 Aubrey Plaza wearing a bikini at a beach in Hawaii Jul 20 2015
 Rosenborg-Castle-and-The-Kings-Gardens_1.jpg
==
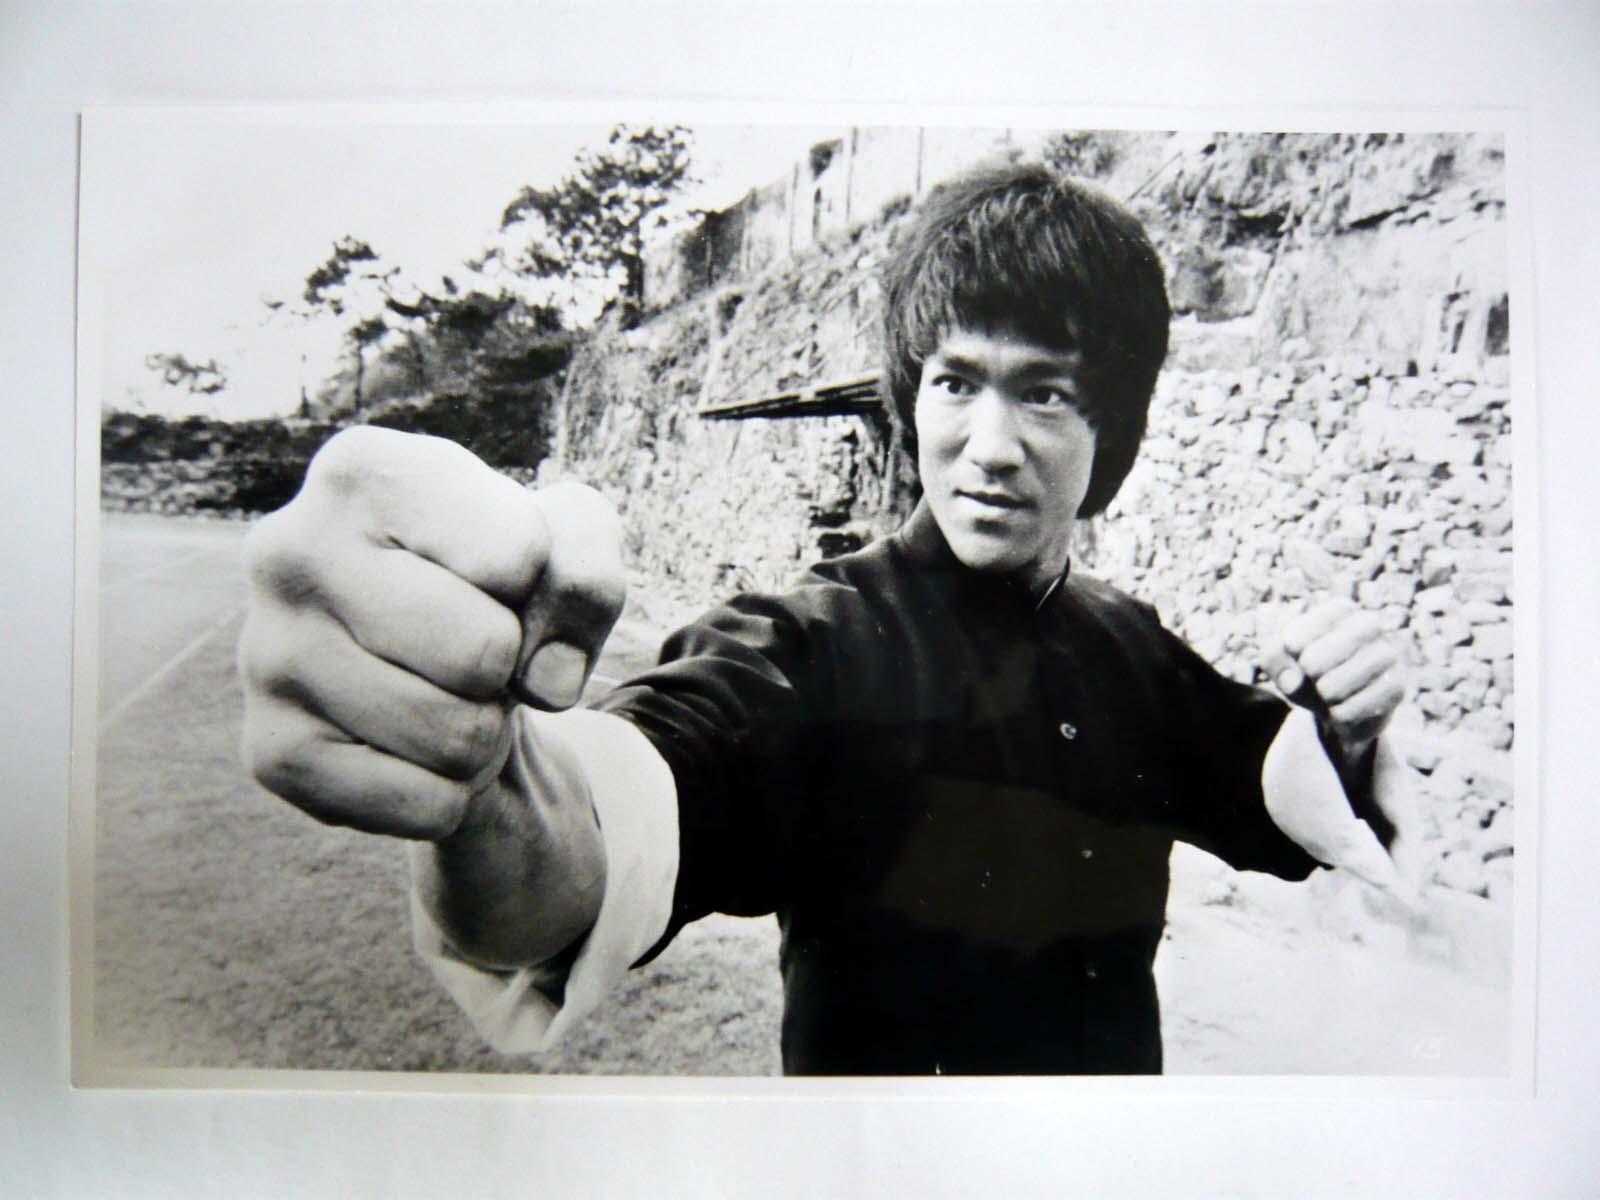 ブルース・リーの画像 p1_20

### [REQUIREMENT]
Scan the records above for the lines holding "Aubrey Plaza wearing" and "Rosenborg-Castle-and-The-Kings-Gardens_1.jpg". Transcribe those two and every line between them word for word, and no others.

### [YOUR RESPONSE]
 Aubrey Plaza wearing a bikini at a beach in Hawaii Jul 20 2015
 Rosenborg-Castle-and-The-Kings-Gardens_1.jpg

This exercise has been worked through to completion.